(THE DATA)
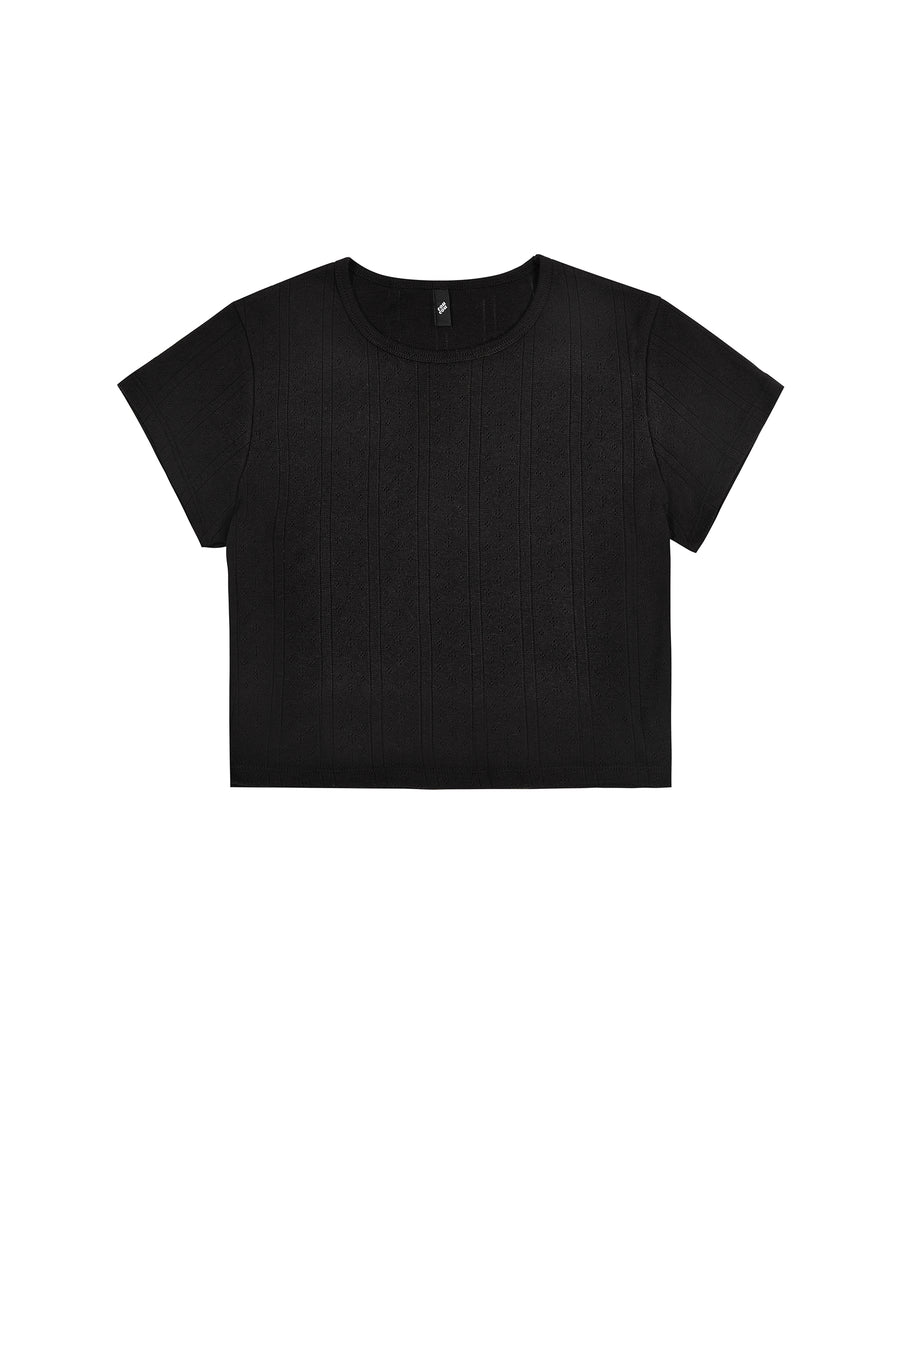 The Baby Tee Black – Cou Cou Intimates
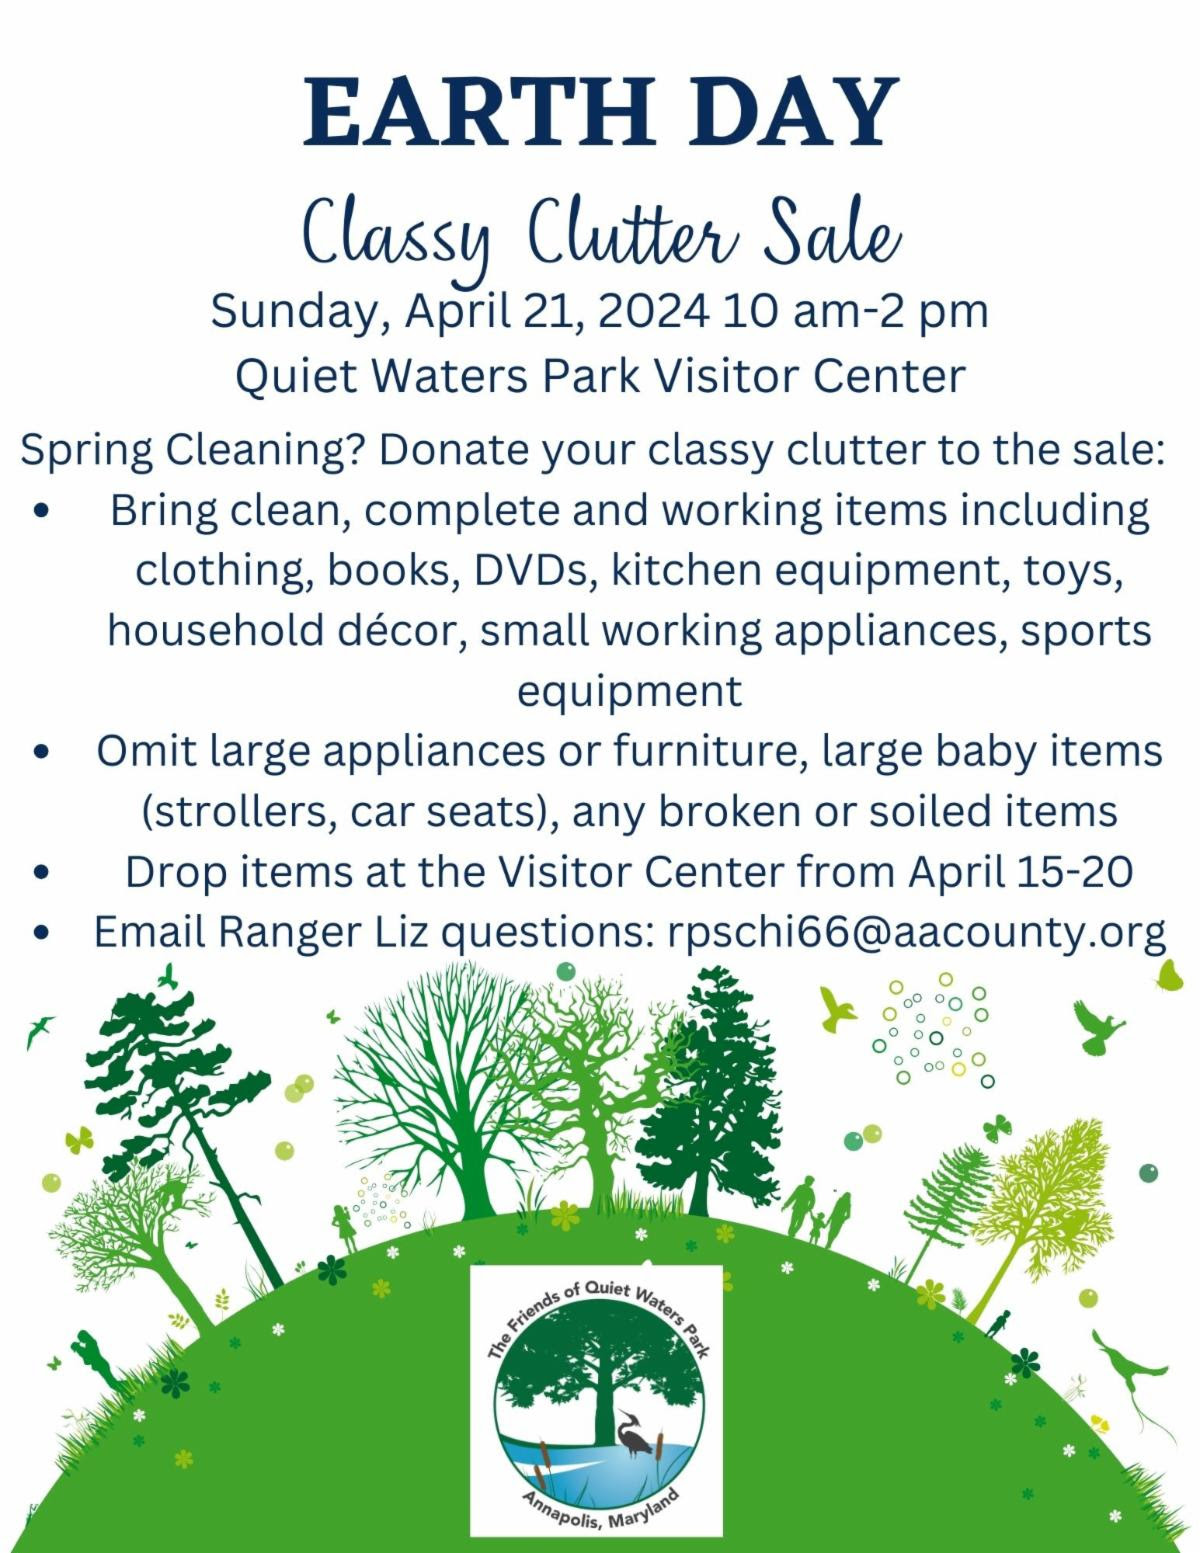 Earth Day Classy Clutter Sale 2024 @ Visitors Center
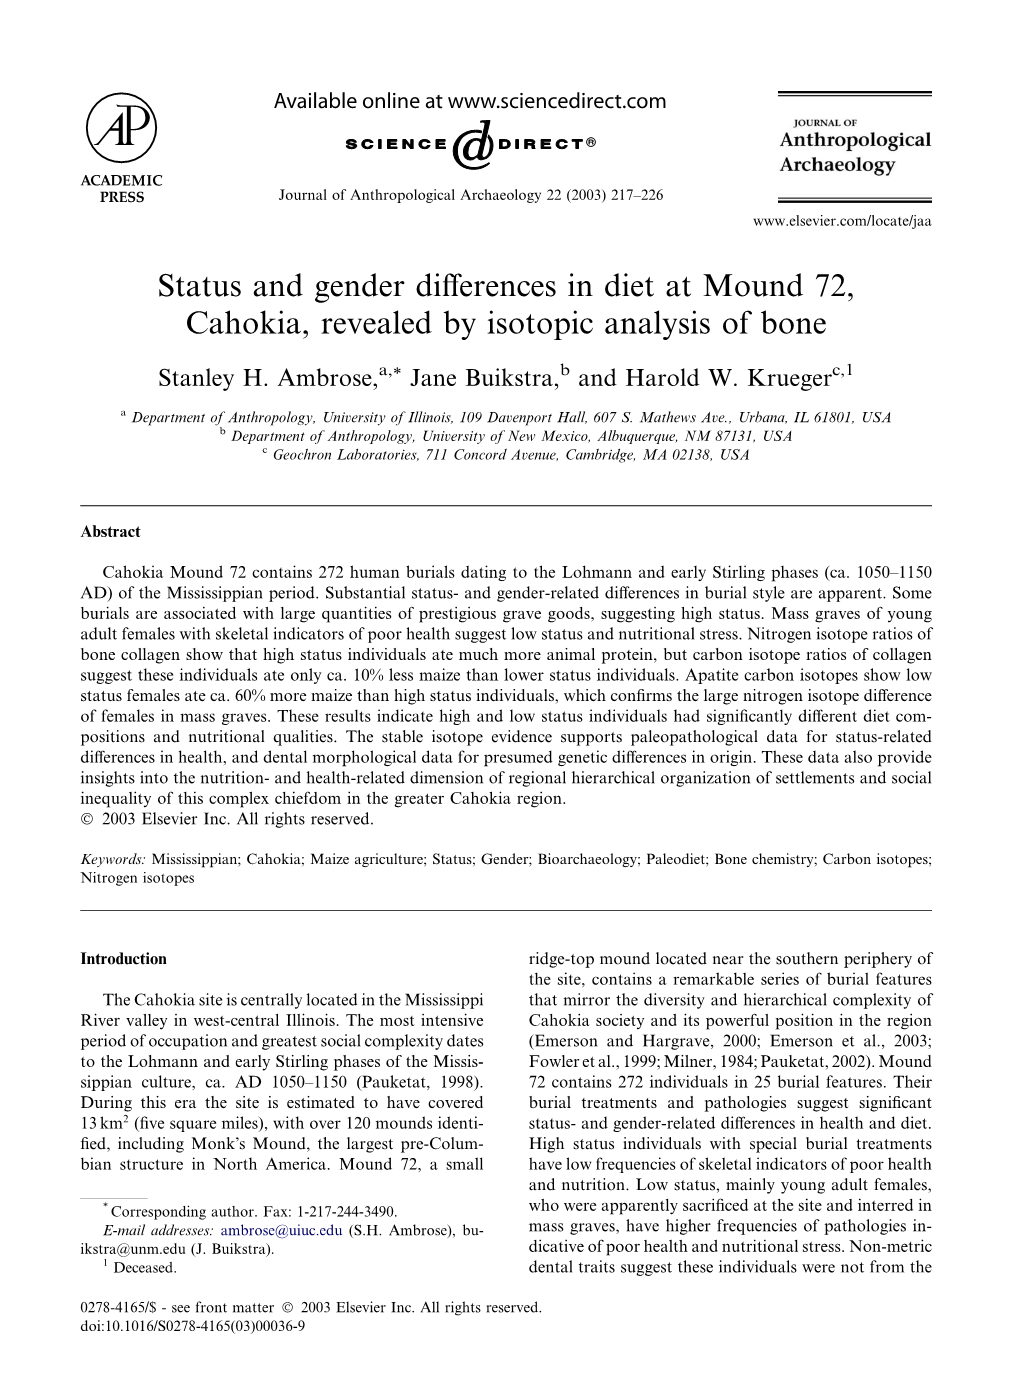 Status and Gender Differences in Diet at Mound 72, Cahokia, Revealed By

(PROBLEM DESCRIPTION)
Make a word-for-word repeat of the material, skipping all pictures.

(OUTPUT FOR THIS EXERCISE)
 The Baby Tee Black – Cou Cou Intimates
 Earth Day Classy Clutter Sale 2024 @ Visitors Center
 Status and Gender Differences in Diet at Mound 72, Cahokia, Revealed By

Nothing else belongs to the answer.